Agent Spotlight: Higginbotham

Higginbotham Chairman, President, and CEO Rusty Reid at the firm’s Dallas/Fort Worth location where he is based.

CEO, RUSTY REID, BELIEVES HIS FIRM’S SUCCESS IS A DIRECT RESULT OF ITS EMPLOYEES’ HARD WORK AND THEIR UNIQUE OWNERSHIP MODEL

Higginbotham isn’t your run-of-the-mill, everyday insurance firm. Unlike most firms, Higginbotham offers and encourages stock ownership among its employees, even going so far as to offer programs to earn stock for just doing one’s job. Because of that encouragement, today almost 100 percent of the employees are shareholders or HIG Unit stockholders. This unique business model is what Rusty Reid, chairman and CEO of Higginbotham, attributes to the firm’s competitive advantage and the drive to do great things.

Reid assumed leadership of the firm in 1989 when there were only 22 employees in one location. Through organic market growth and a number of acquisitions, Reid used his leadership abilities and strong community partnerships to grow the insurance agency to become full-service and include nearly 1,000 employees with 27 locations in Texas and Oklahoma City. Even after all of this expansion, Reid holds that each Higginbotham branch is fully integrated in every aspect.

That kind of growth is impressive, but Reid wasn’t planning to enter the insurance field. After a particularly difficult pre-med class at the University of North Texas, Reid realized he may have been in the wrong field. He decided to speak to his college dean about a change in major and that dean encouraged Reid to follow in the footsteps of his grandfather and his father and try out insurance. Reid found an internship and while working every day after class, fell in love with the industry. After college, Reid began his career in the field and loves it to this day. “If you can wake up every day without having to set your alarm clock, you are probably in the right line of work,” he said.

In his early days at Higginbotham, Reid developed an initiative called “Single Source” that enabled businesses to buy all of their P&C insurance and employee benefit plans through one broker, Higginbotham. According to Reid, clients appreciated working with a single agent and they felt the level of service improved. “We must have been doing something right at the time because we had a 97 percent retention rate,” said Reid.

In addition to an impressive retention rate, Higginbotham has been affirmed as an “Elite Agency” by Insurance Business America magazine for four years in a row. Just last year, Reid was also named “CEO of the Year” by Insurance Business America magazine. He believes the great success of the firm is due to its employees’ hard work that’s driven by its unique employee ownership. “The glue that holds us together is that we are all workers and owners,” said Reid. “Everyone has a part to play and we play it to the best of our abilities.”

Higginbotham Chairman, President, and CEO Rusty Reid presents a $5,000 check to Junior Achievement of the Chisholm Trail from the Higginbotham Community Fund. Accepting the check is Junior Achievement’s President Randal Mays, Board of Directors Member Andrea Silva, and Director of Development Priscilla Miller.

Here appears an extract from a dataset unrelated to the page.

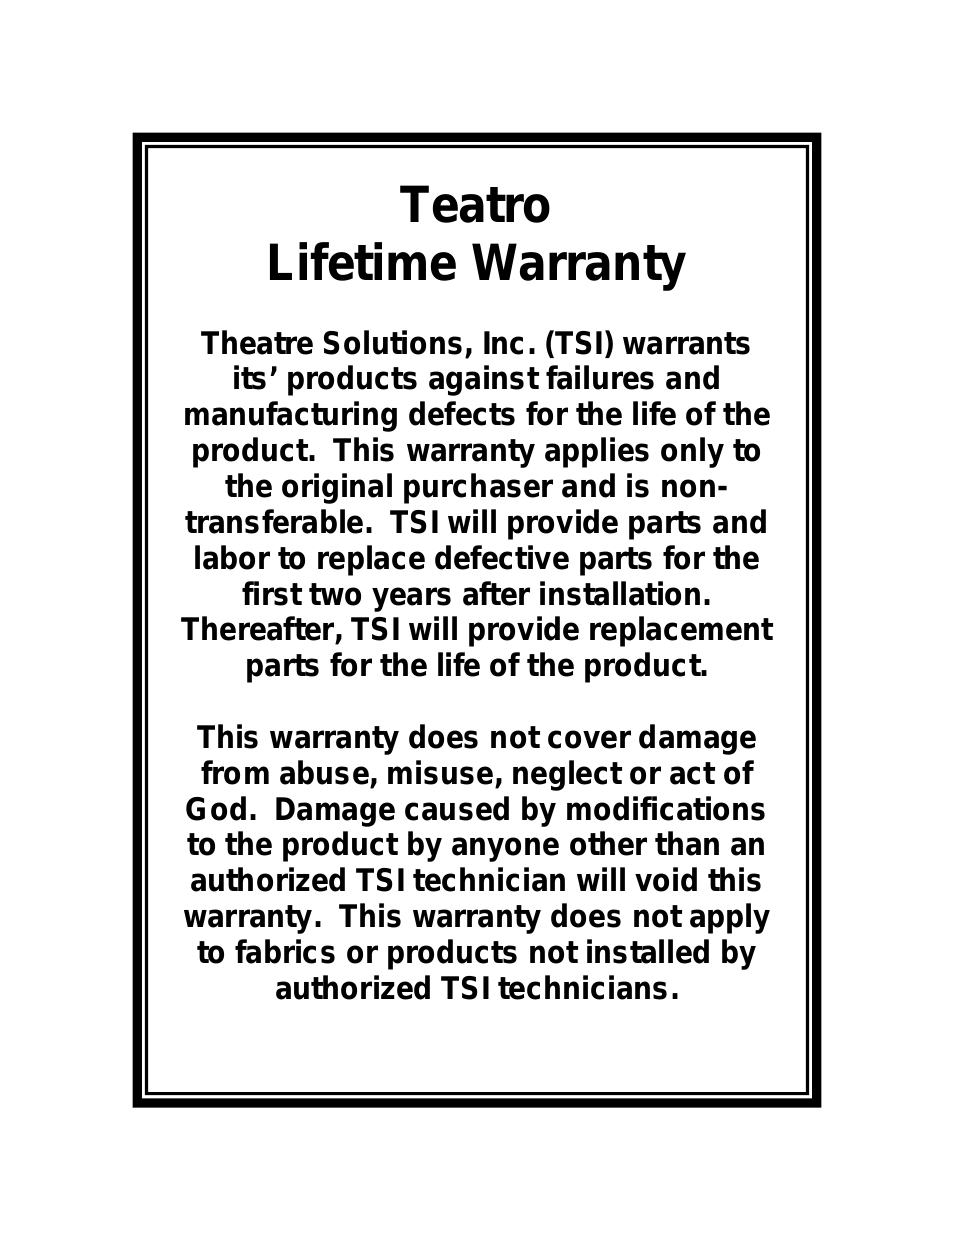 Teatro Warranty

Reid, a humble man, treats his success and accolades as something he owes to the efforts of those around him. He likes to joke that because Higginbotham is employee-owned its employees could remove him at any time. “I hate to use the word ‘affirmation’ because I don’t expect anything for coming to work every day and doing my job,” said Reid. However, when asked about his firm’s four-time Elite Agency status he laughed, “But when it’s Higginbotham that gets an award, I brag about that all day!”

“What we try to do every day is exceed the expectations of everyone we interact with: clients, employees, carriers, communities, and shareholders,” said Reid. This desire to be the best is why Higginbotham offers LUBA Workers’ Comp as a carrier for workers’ compensation coverage. Reid believes that it is important for their partners to approach business in a similar way to Higginbotham: To be a steady and dependable provider, which is something they have in common with LUBA. “In this industry, you are going to have claims,” said Reid. “We want our clients to trust and depend on us to take care of them and LUBA enables us to do that.”


“In this industry, you are going to have claims,” said Reid. “We want our clients to trust and depend on us to take care of them and LUBA enables us to do that.”  

Higginbotham also has a robust community outreach program that allows employees to help fund charitable causes of their choosing through the Higginbotham Community Fund, established in 2011. The only requirement is that anyone requesting grants must give to the fund first, be it a little or a lot. “This all helps us to fulfill our vision of being the best community member that we can be,” said Reid. To date, the Higginbotham Community Fund has raised a total of $1,694,218 and granted $1,129,555.

Reid is also personally involved in community development, lending his time and efforts to numerous nonprofit organizations since the early 1990s when a colleague appointed him to the board of the Multiple Sclerosis Society. “I got to see firsthand that doing good work for an organization like that can really improve your life and the lives of those you help,” said Reid. “We wanted to be a company that doesn’t just take from the community, but one that really gives back and tries to make things better for everyone.”